**TRY IT**
Repeat every line of the data exactly; the pictures stay out.

-------- EXERCISE DATA

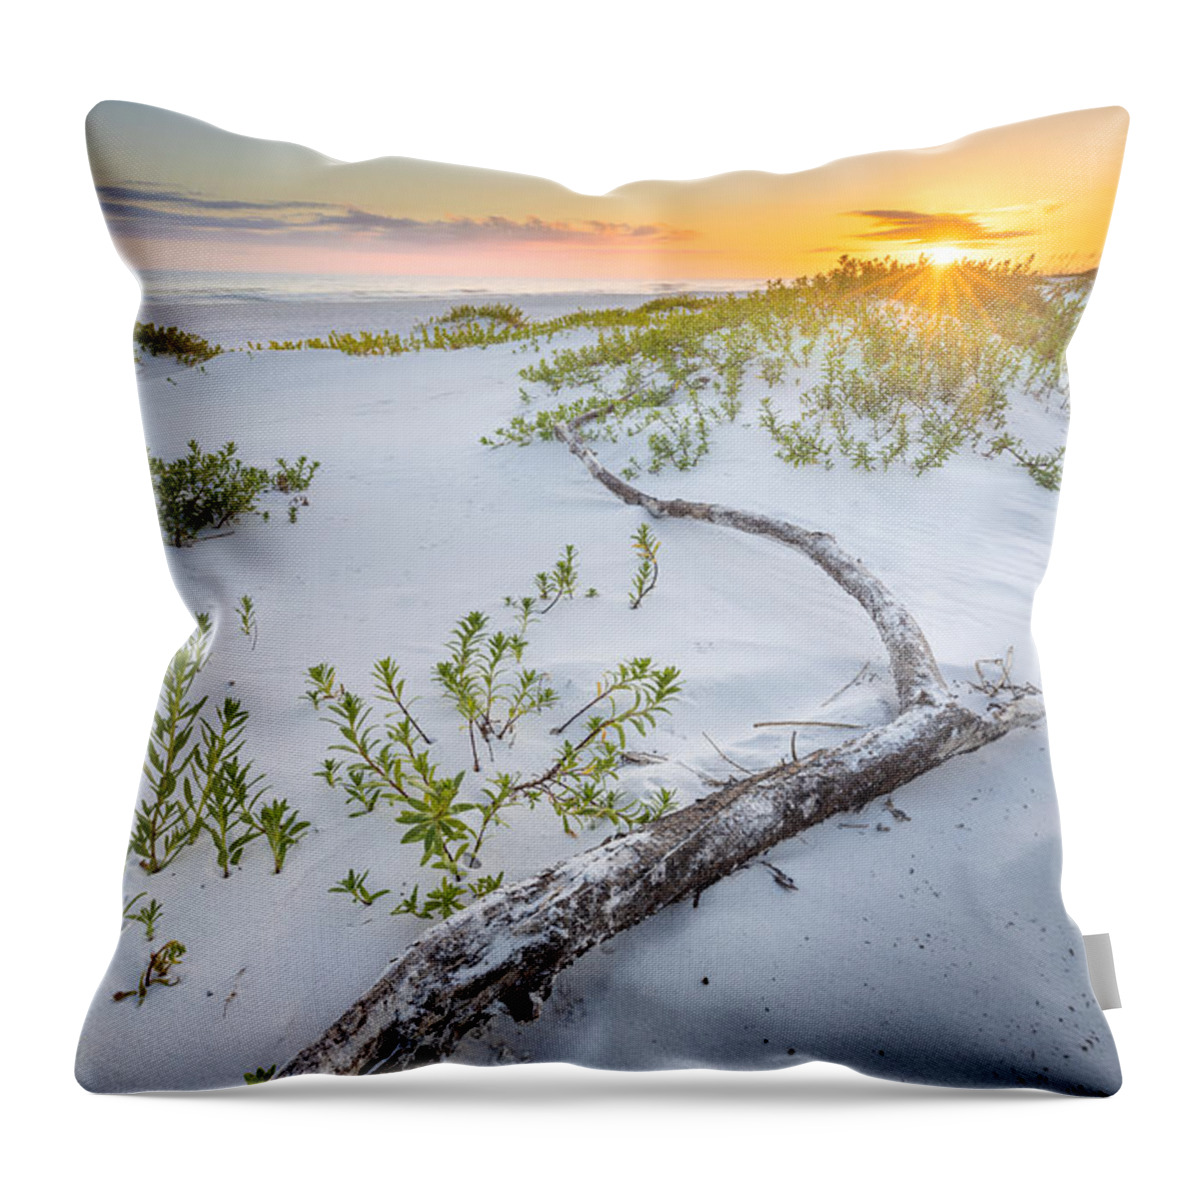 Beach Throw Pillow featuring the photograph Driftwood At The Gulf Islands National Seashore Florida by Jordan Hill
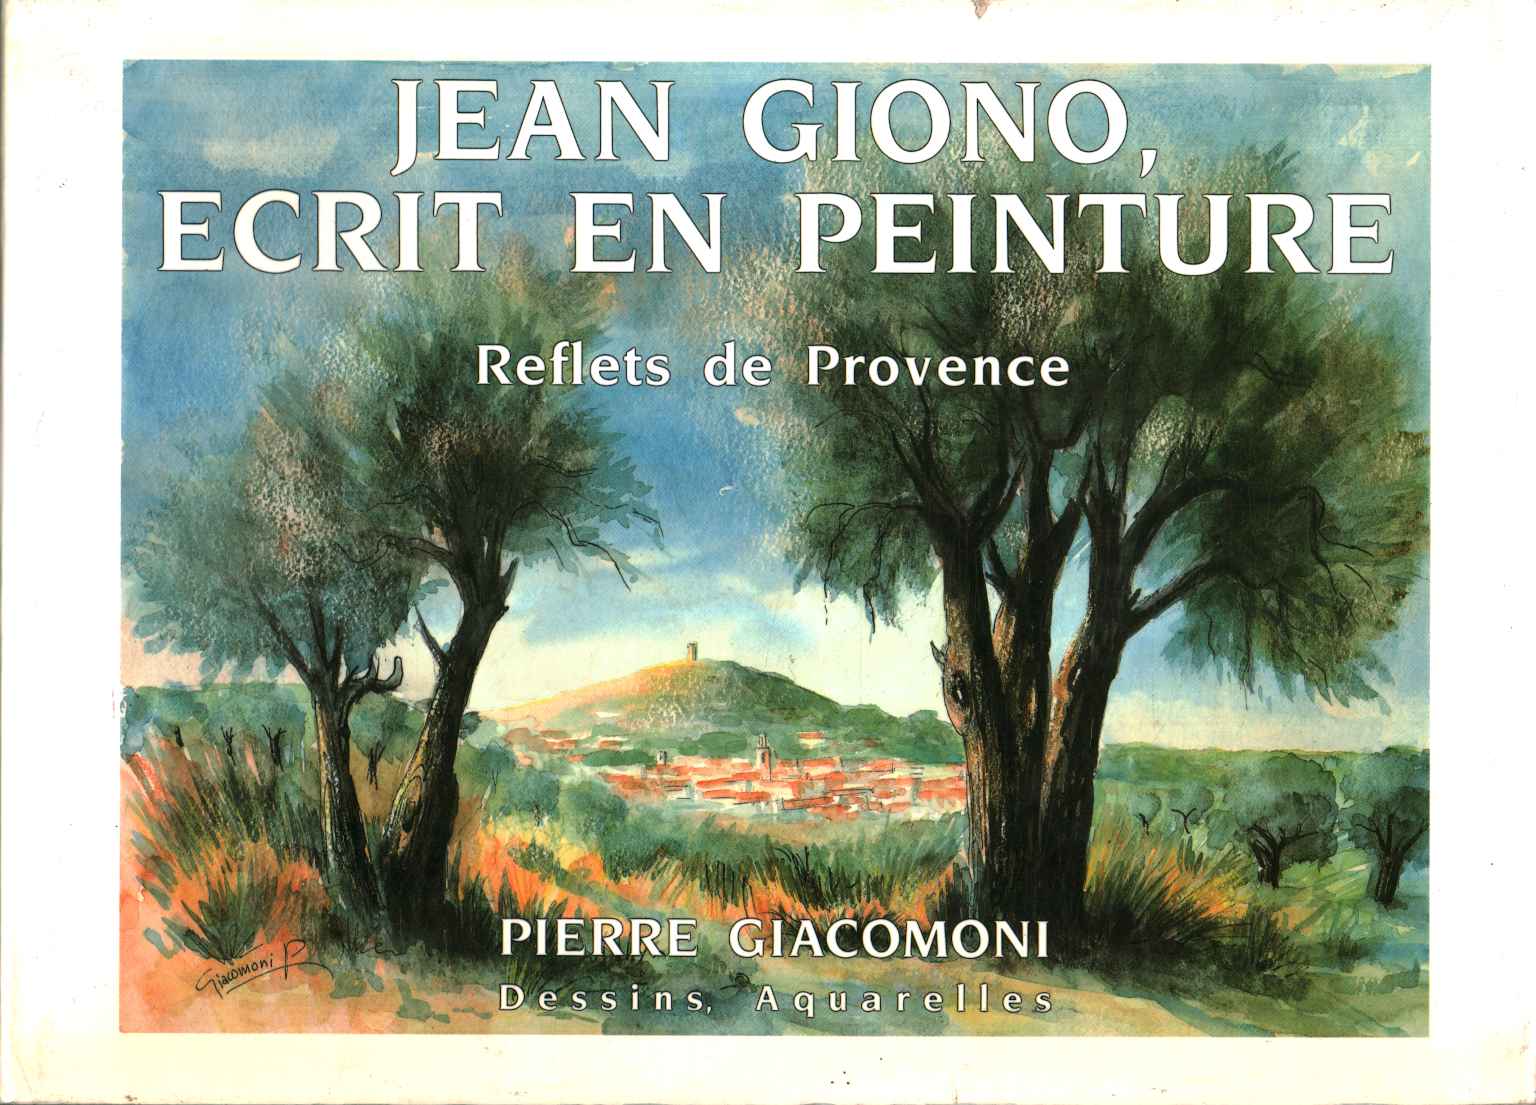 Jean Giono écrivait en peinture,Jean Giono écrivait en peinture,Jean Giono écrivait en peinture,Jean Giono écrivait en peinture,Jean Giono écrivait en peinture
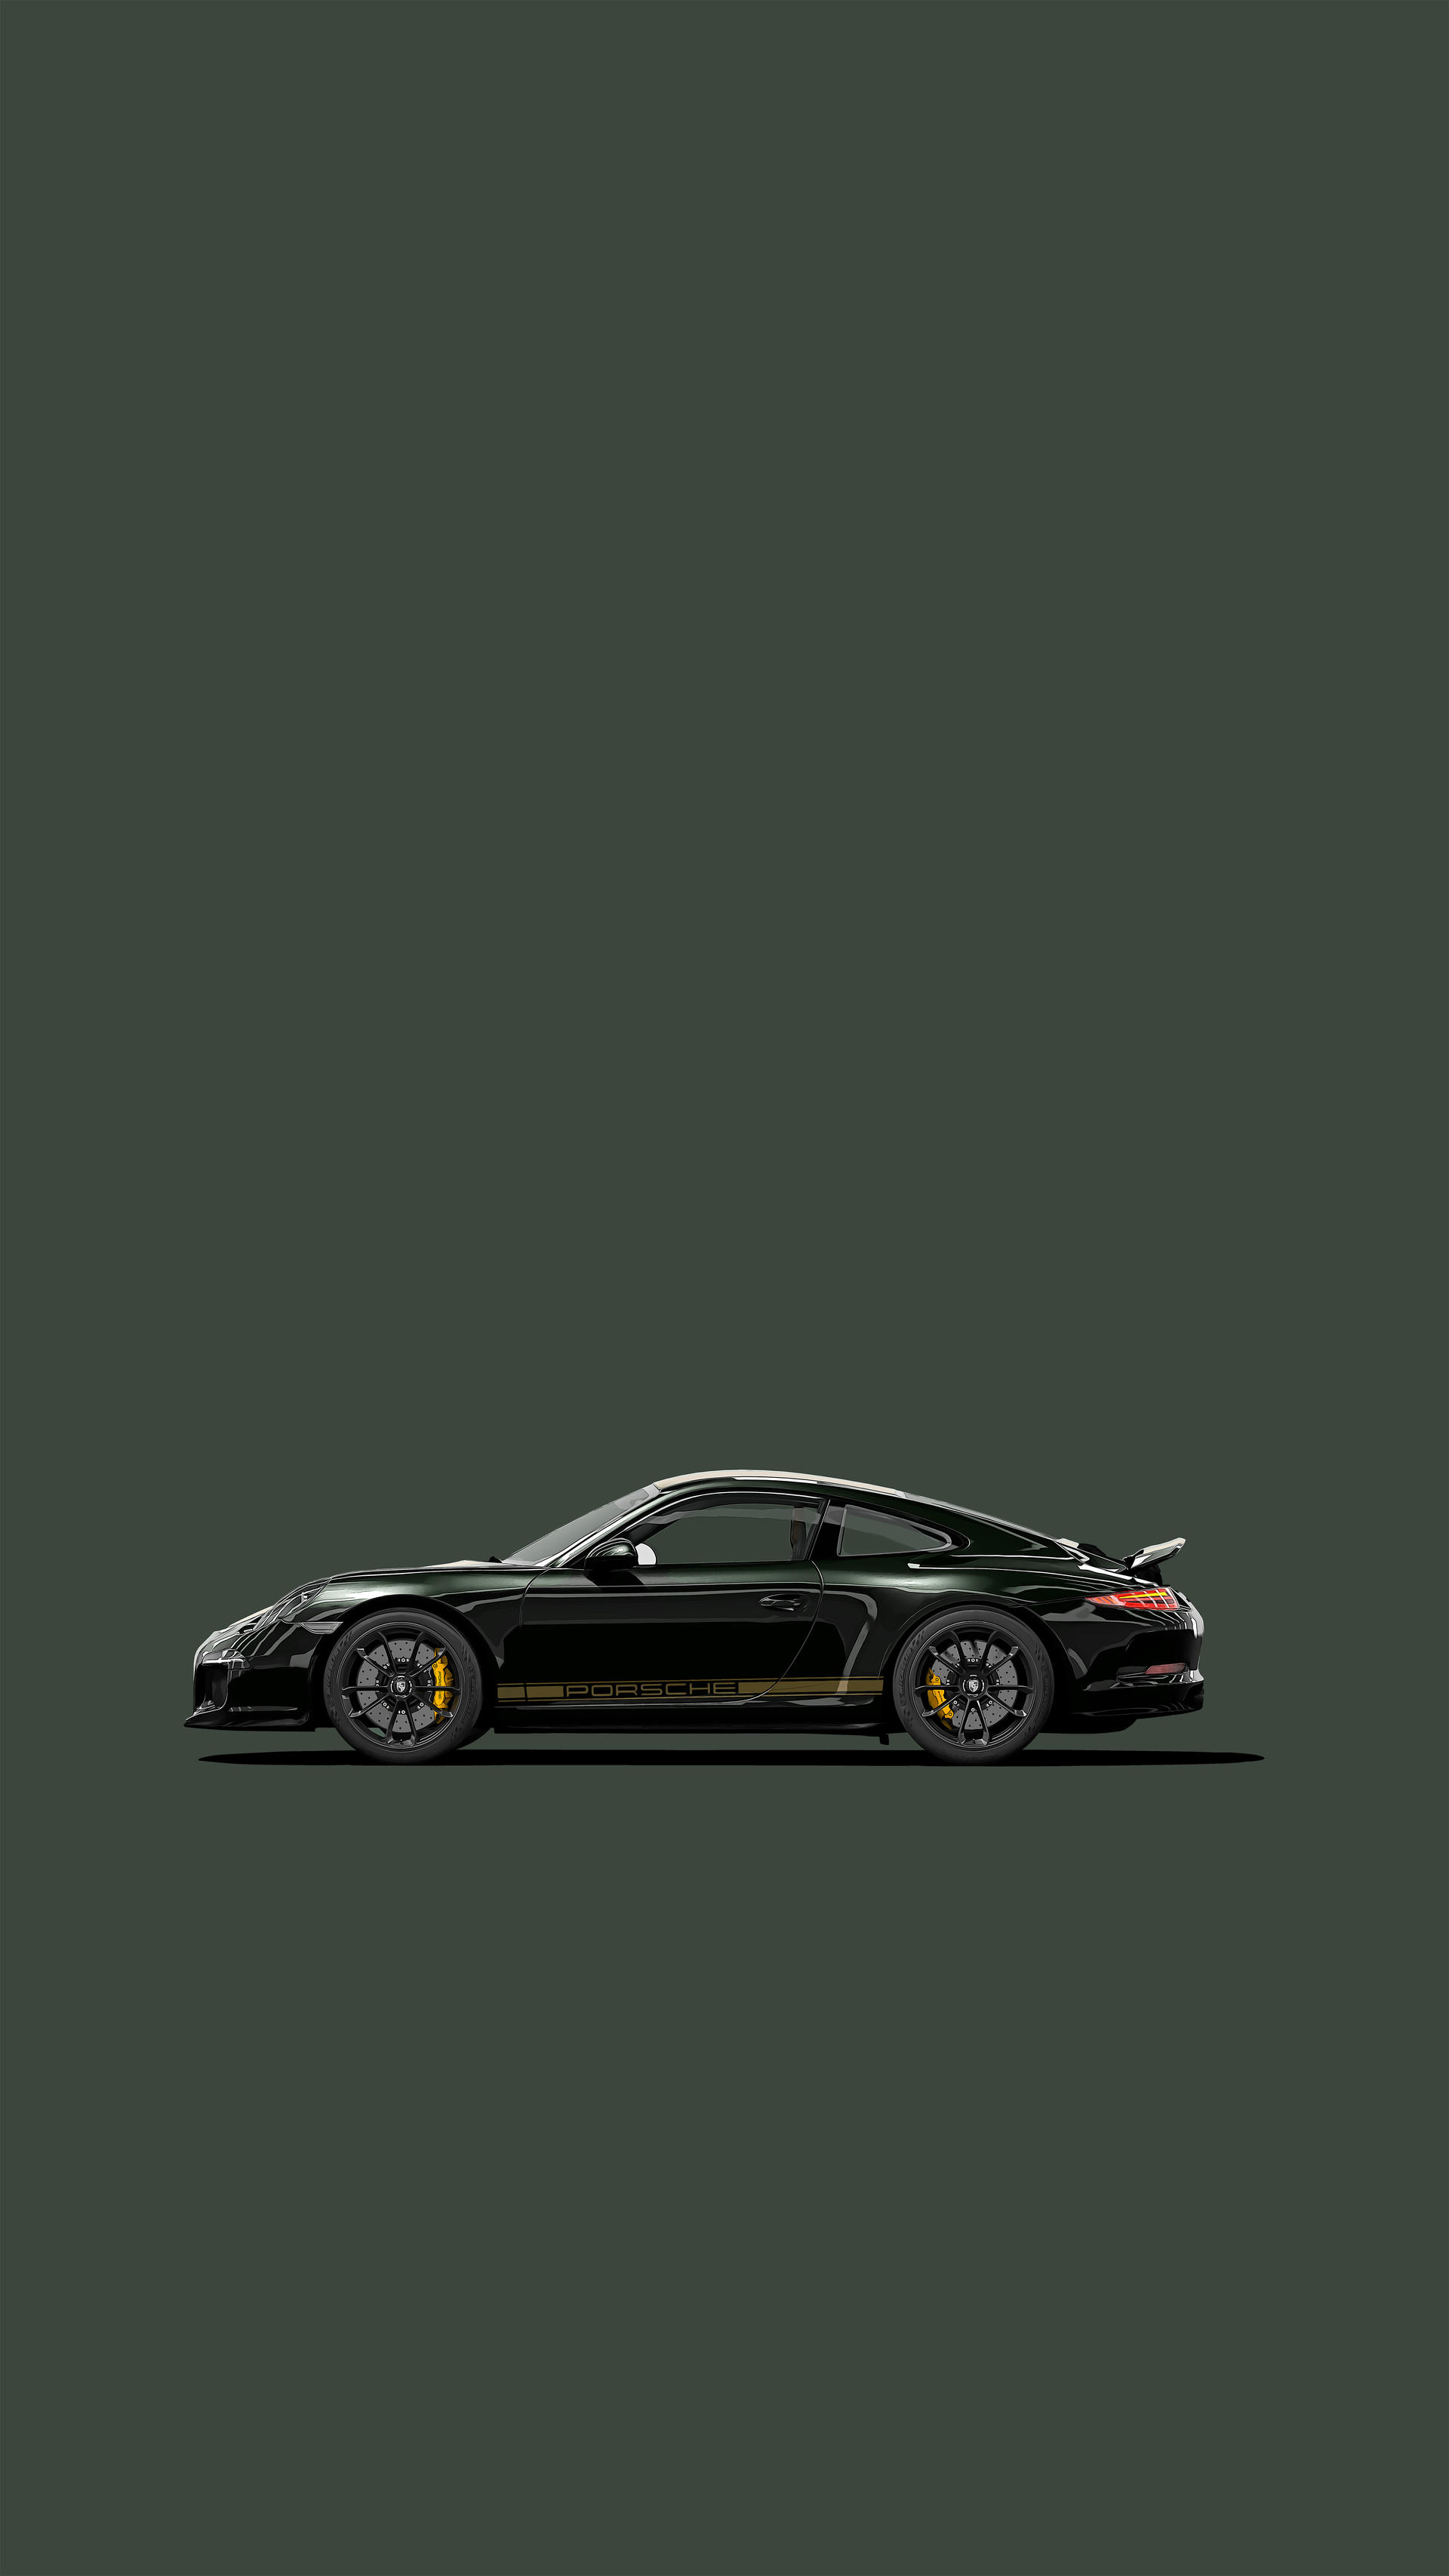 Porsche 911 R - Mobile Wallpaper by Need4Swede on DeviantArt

----------------

**SOLUTION TO THE PROBLEM**
 Beach Throw Pillow featuring the photograph Driftwood At The Gulf Islands National Seashore Florida by Jordan Hill
 Jean Giono écrivait en peinture,Jean Giono écrivait en peinture,Jean Giono écrivait en peinture,Jean Giono écrivait en peinture,Jean Giono écrivait en peinture
 Porsche 911 R - Mobile Wallpaper by Need4Swede on DeviantArt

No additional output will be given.